• **Task**
Look through the entries below for the line with "Wildcat crosses the frame" and the line with "cornhill_castle_wedding_biggar_dearlyphotography (145 of", then give again exactly those two lines and all lines between them, minus the pictures.

• **Materials provided**
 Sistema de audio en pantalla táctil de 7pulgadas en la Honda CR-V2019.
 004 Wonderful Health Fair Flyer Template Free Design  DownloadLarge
---
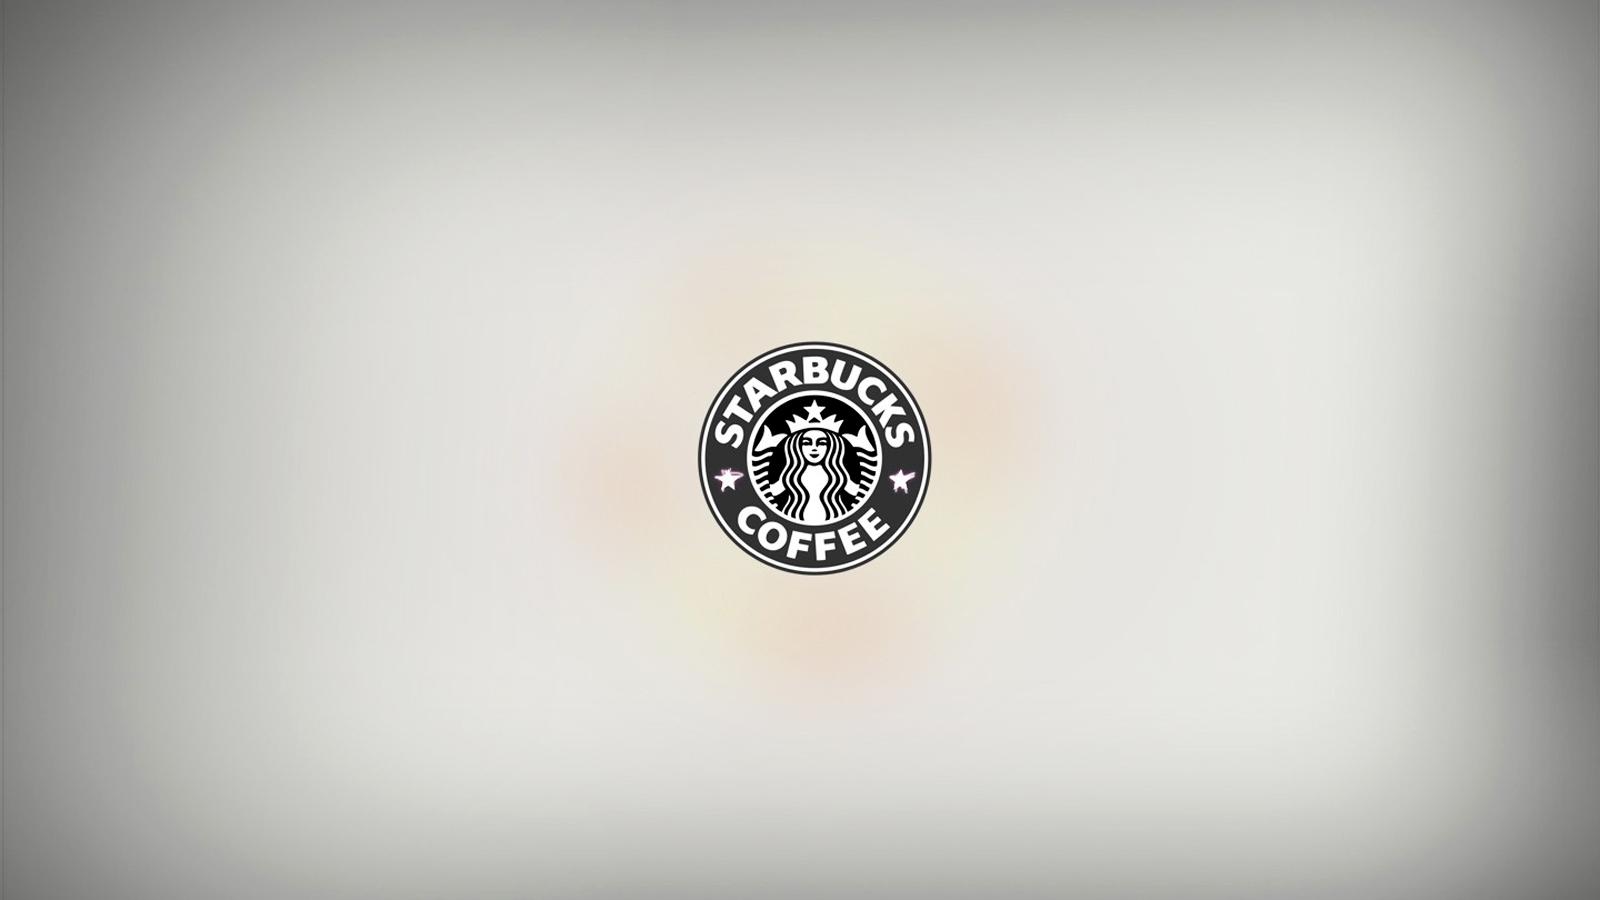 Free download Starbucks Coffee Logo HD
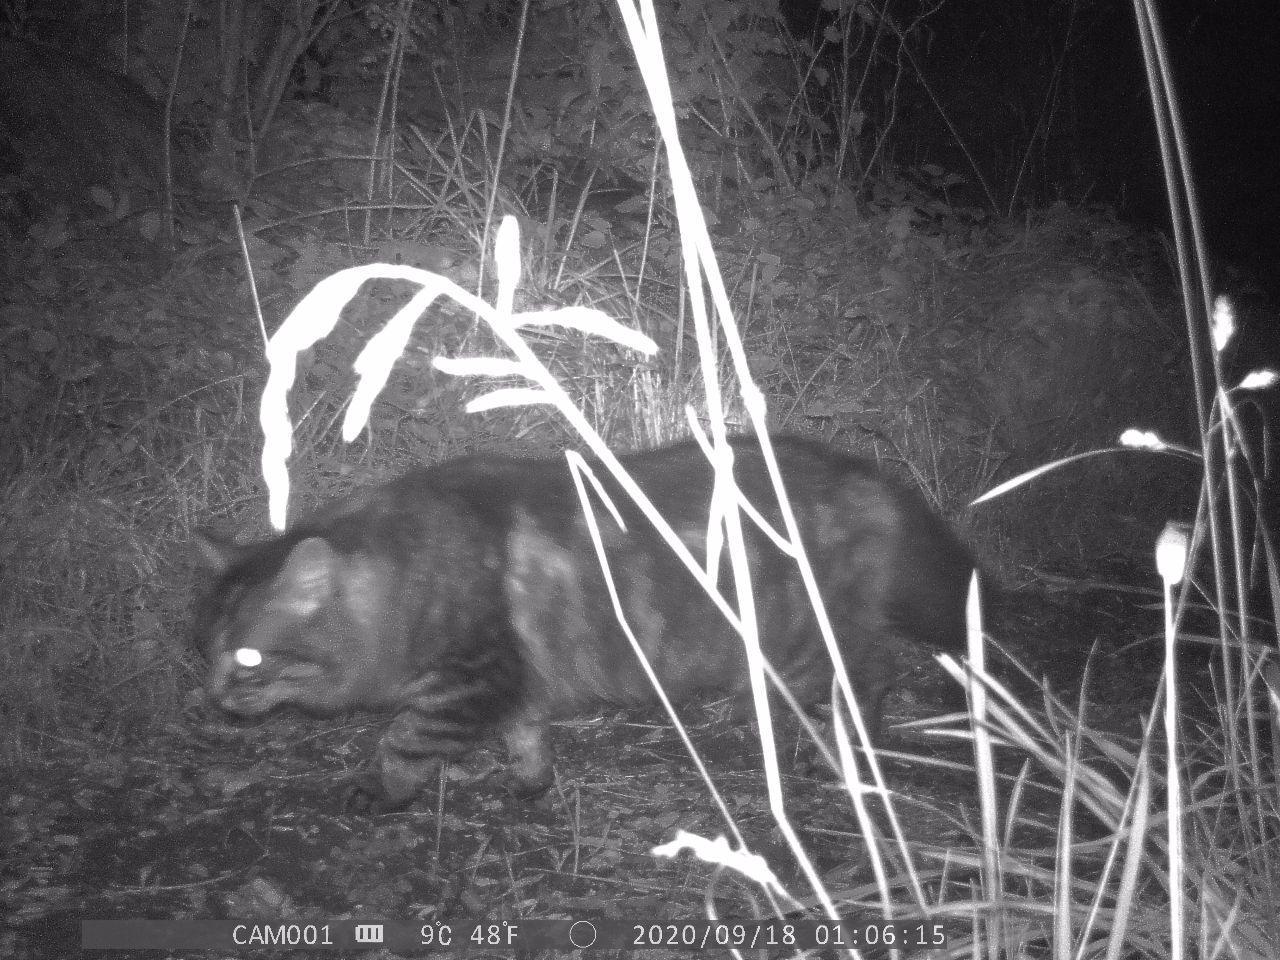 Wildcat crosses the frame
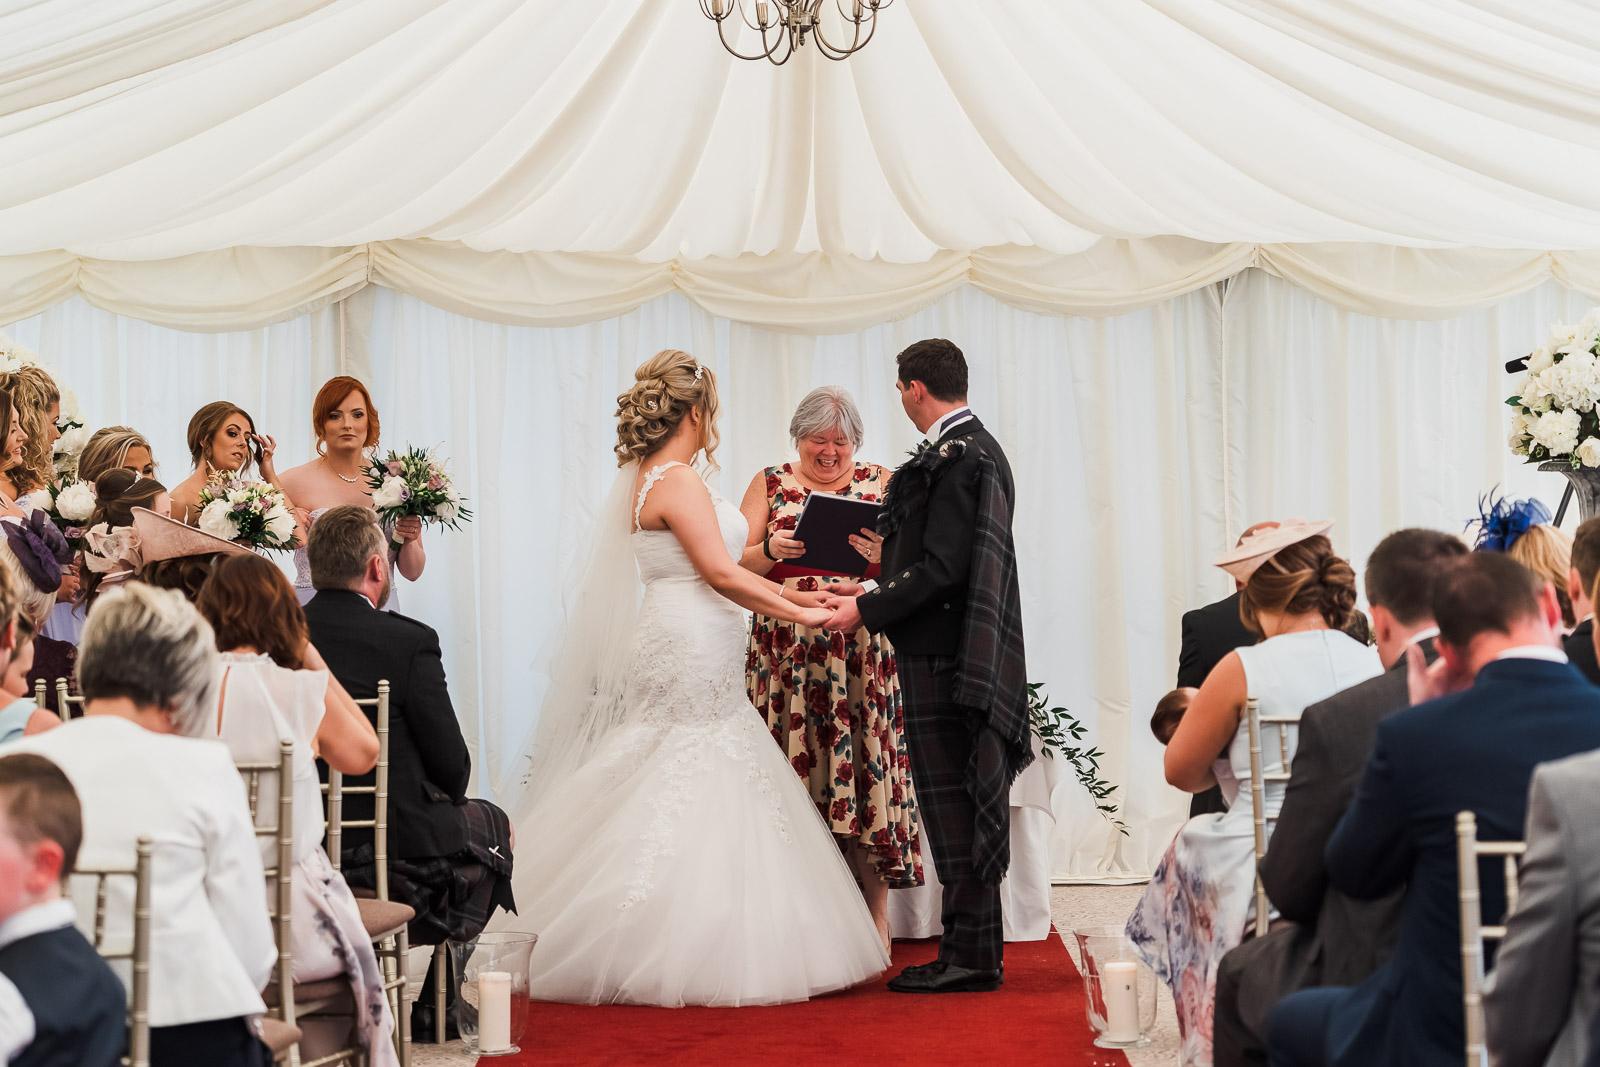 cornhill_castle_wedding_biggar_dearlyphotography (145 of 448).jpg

• **Exercise solution**
 Wildcat crosses the frame
 cornhill_castle_wedding_biggar_dearlyphotography (145 of 448).jpg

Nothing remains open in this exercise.